En esos acordes se mueve el verso noble y rotundo de la Elegía sajona, que para mí sigue siendo el poemario más alto de Calbarro. En él deja la palabra a un héroe de las sagas sajonas que lamenta la pérdida de los ritos de la fe de los antepasados, de las luchas heroicas, de las batallas victoriosas y los recios amores; pero hoy los bravos guerreros permanecen cansados y «no hay rival ni hay honra sobre el campo».

La añoranza de un pasado heroico origina el lamento elegíaco del primer libro de Calbarro. El segundo, Circunstancias de la metamorfosis (1998) reitera que es tiempo de reflexión, sin duda sobre las múltiples sensaciones que propicia la contemplación del mar tinerfeño frente al que fueron escritos los poemas. Sazón de los barrancos (2006), «testimonio de mi paso productivo y feliz por Fuerteventura» en los primeros años del nuevo siglo, es un libro que el poeta califica de hermético (y lo es), con imágenes «aparentemente caóticas, pero siempre en búsqueda del centro». De la misma época son los muchos haikus, hasta ahora inéditos, del Breviario de Fuerteventura, iluminaciones como la que resume la fiesta marina de la Virgen del Carmen: «Y la barquilla/ —Virgen y pueblo a bordo— /templo parece».

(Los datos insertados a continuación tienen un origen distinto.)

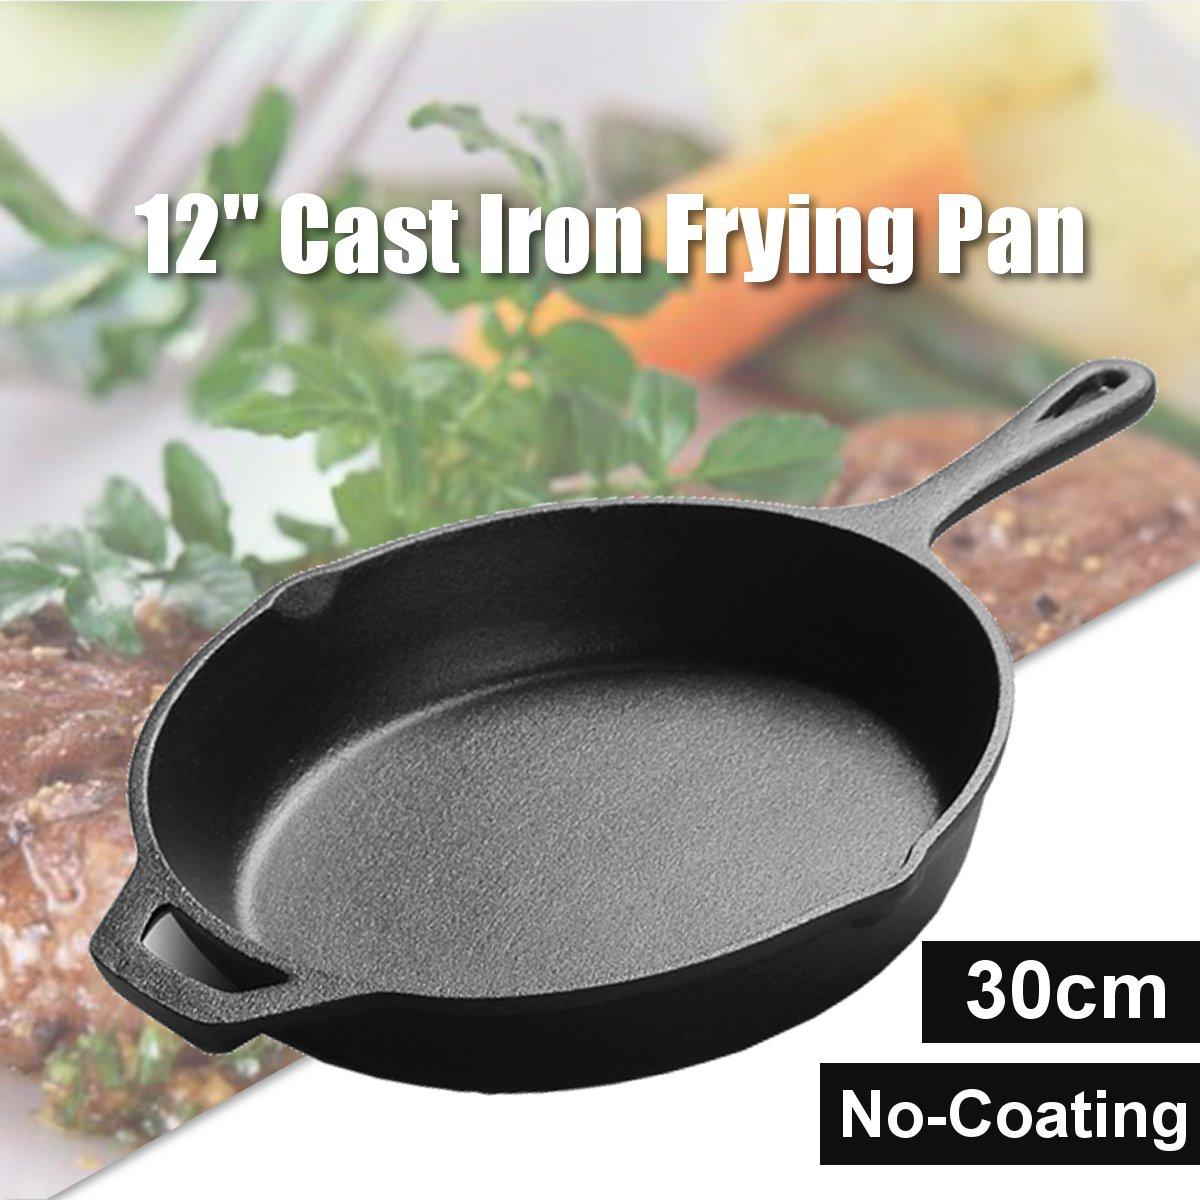 Poêle en fonte antiadhésive poêle multi-usages poêle à crêpes Steak Grill casserole marmite ustensiles de cuisine outils de cuisson - 2

La poesía de Calbarro se completa con Museos naturales (2013), escrito en la ciudad de Palma de Mallorca, «un intenso y fecundo período en que los poemas brotaron con rigor». Quizá es de tono más negativo y más crítico, pero hay la misma preocupación por los signos, por el lenguaje y también por un ritmo tradicional más marcado.